The Detective's Daughter
Page 13
The coat was not there now. At the time Stella had supposed it belonged to Mr Ramsay; his wife seemed unable to accept he was dead and like she did the rest of her family behaved as if he had just left the room.
‘Did the old lady seem anxious or unwell?’
‘She was always anxious; no worse than usual.’ Stella reacted to the term ‘old lady’; it did not describe Mrs Ramsay.
‘OK.’ He pulled out a notebook that was bagging his jacket and drew a pen from his breast pocket. ‘Why was she anxious?’
Decades after she had left Terry, Suzanne Darnell still complained about how he never dressed for an occasion and the careless way he treated his clothes, although her own were neglected, with several blouses on one hanger and trousers, or slacks as she called them, bundled up with no regard for the crease.
‘Oh, no reason.’ Stella did not need the police asking awkward questions. ‘Older people get anxious, and depressed, it goes with the territory.’ She tossed generalizations at him like birdseed. ‘She had to know when I was coming so she could be ready, her routine kept her going. Nothing odd about that.’ Except Mrs Ramsay was not like the other pensioners Stella worked for. Stella pictured the last list dashed down in the bold and rounded script, her handwriting was not shaky or tiny; Mrs Ramsay had never seemed old.

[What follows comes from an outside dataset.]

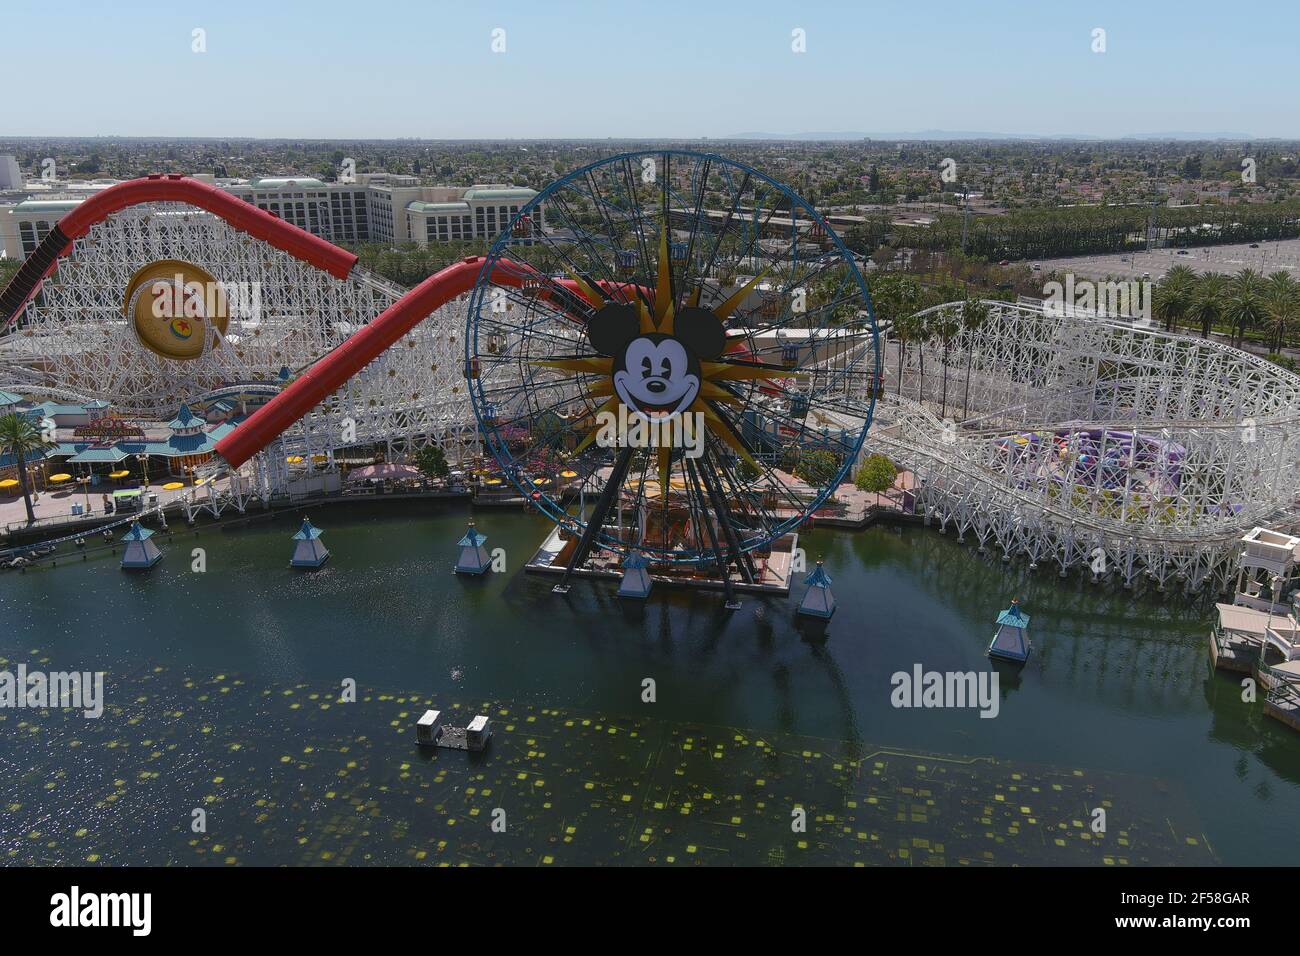 An aerial view of Mickey's Fun Wheel and the Indricoaster roller coaster ride at Disney California Adventure Park, Wednesday, March 24, 2021, in Anahe Stock Photo

She sniffed tobacco smoke, someone had smoked a cigarette; she wanted to order them all to leave.
Despite being an ex-smoker, Terry too hated the smell of cigarettes.
She returned to the open doorway and looked out at a splaying tree in the Square. The trunk was so thick that two people could not hold hands around its circumference. Wind in the night had stripped the last of the leaves, leaving branches stark and uncompromising against the sky. She could not remember what time of year the lawns would be dotted with conkers, shining as if soaked in oil; unless kids had got in before the park opened and taken them all.

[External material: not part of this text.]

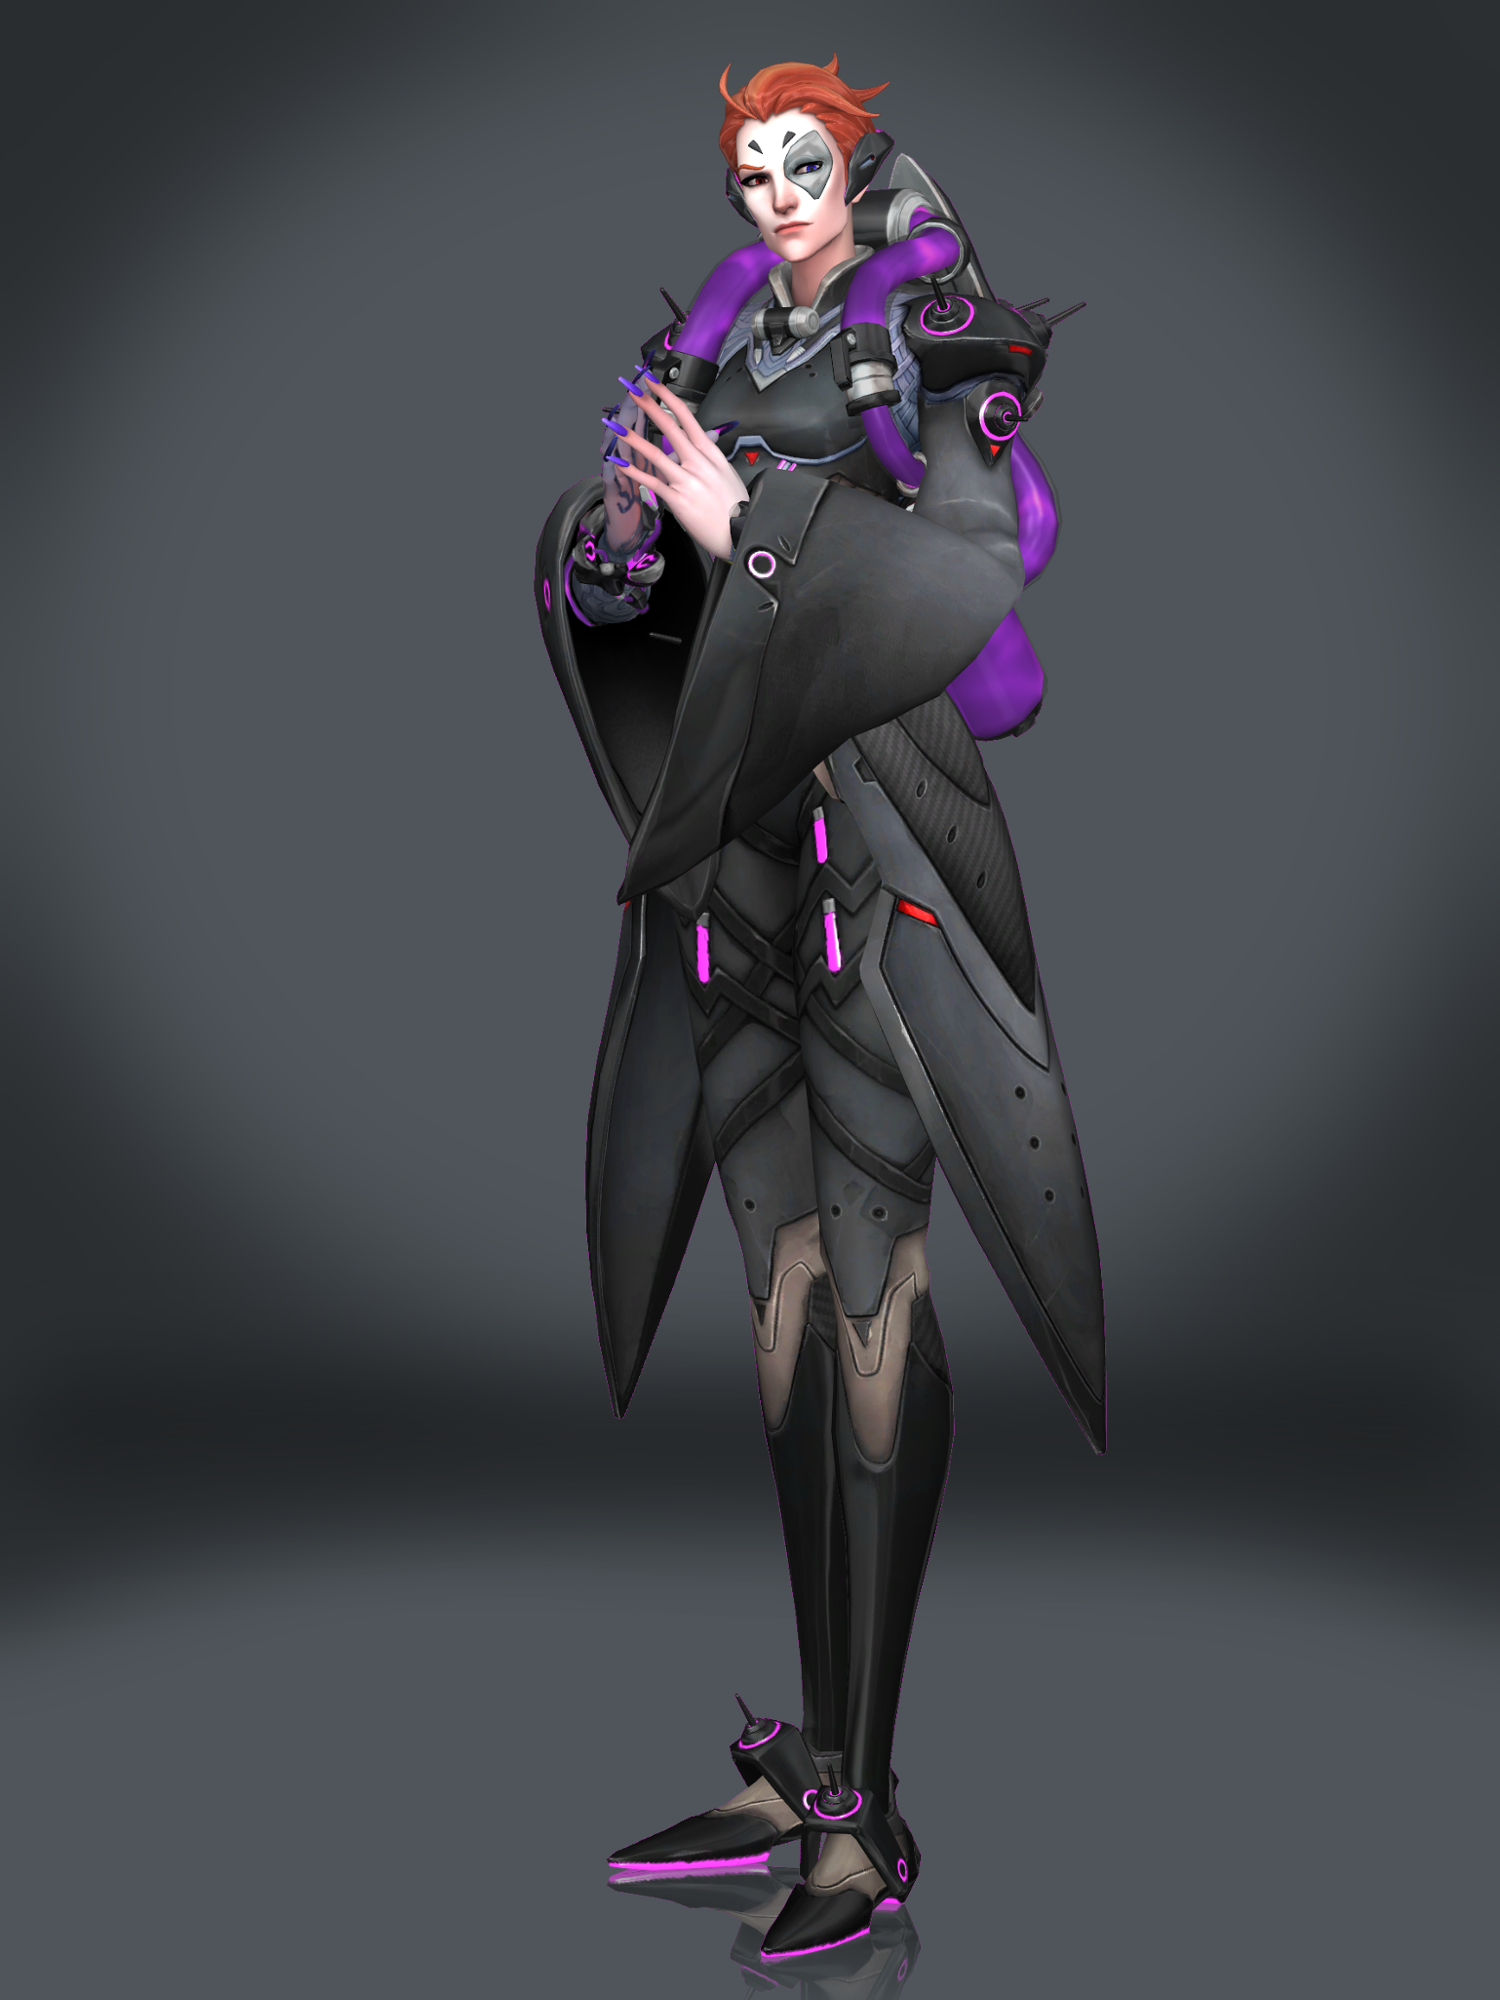 Moira from Overwatch Property of Blizzard Entertainment I do not own anythi...

‘Put your jeans on over your pyjamas. Here, wear my jumper, that’s it. Do up your shoelaces good and tight. We won’t talk until we’re clear of the house, keep close by me.’ She cocked her head so he could whisper into her ear. It felt soft against his lips.

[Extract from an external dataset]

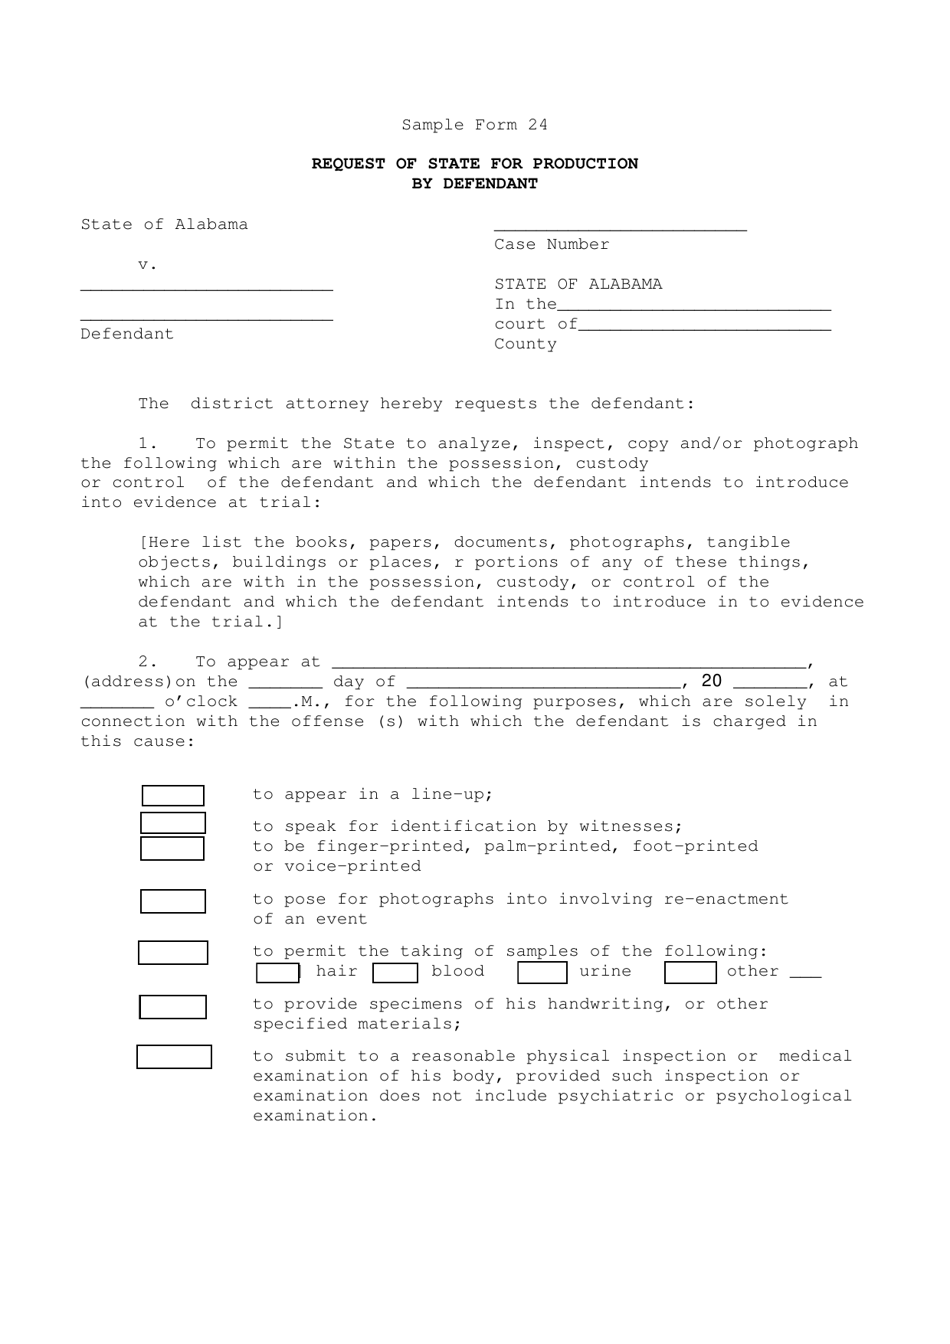 Sample Form 24 Request of State for Production by Defendant - Alabama, Page 1

If she was afraid she did not let on, clutching his hand she scurried beside him to the Square. It was bitter; he was glad he had made her wrap up. He climbed the gate first then made her fit her boot on to the foothold between the bars. He had forgotten her mittens and worried about the icy metal. He nearly shouted with joy when she hauled herself up like a boy, rolling over the top and scrabbling with her boots for the horizontal bar. She peered into the pitch black beyond the torchlight. She was so excited. He knew then that his plan would work.
Until now it had not occurred to Stella that Isabel Ramsay’s disconnected remarks, her fanciful stories, were more than eccentricity. What she had told the detective about her being anxious was true: she had been on edge. When Stella left, the bolts were shot home and she would hear the security chain while she was still on the path. When the water pipes had banged and hooted Mrs Ramsay had said it was the little boy again. Stella remembered that it was the youngest child, Eleanor, whose antics had annoyed her mother, but did not correct her. By the time she was in her van and ready to drive off, Mrs Ramsay would be peeping through a gap in the dining room curtains and Stella would wave. Mrs Ramsay did not move, her face, like a ghost’s in the reflection, indistinguishable from the sky. Stella could not say any of this to the detective.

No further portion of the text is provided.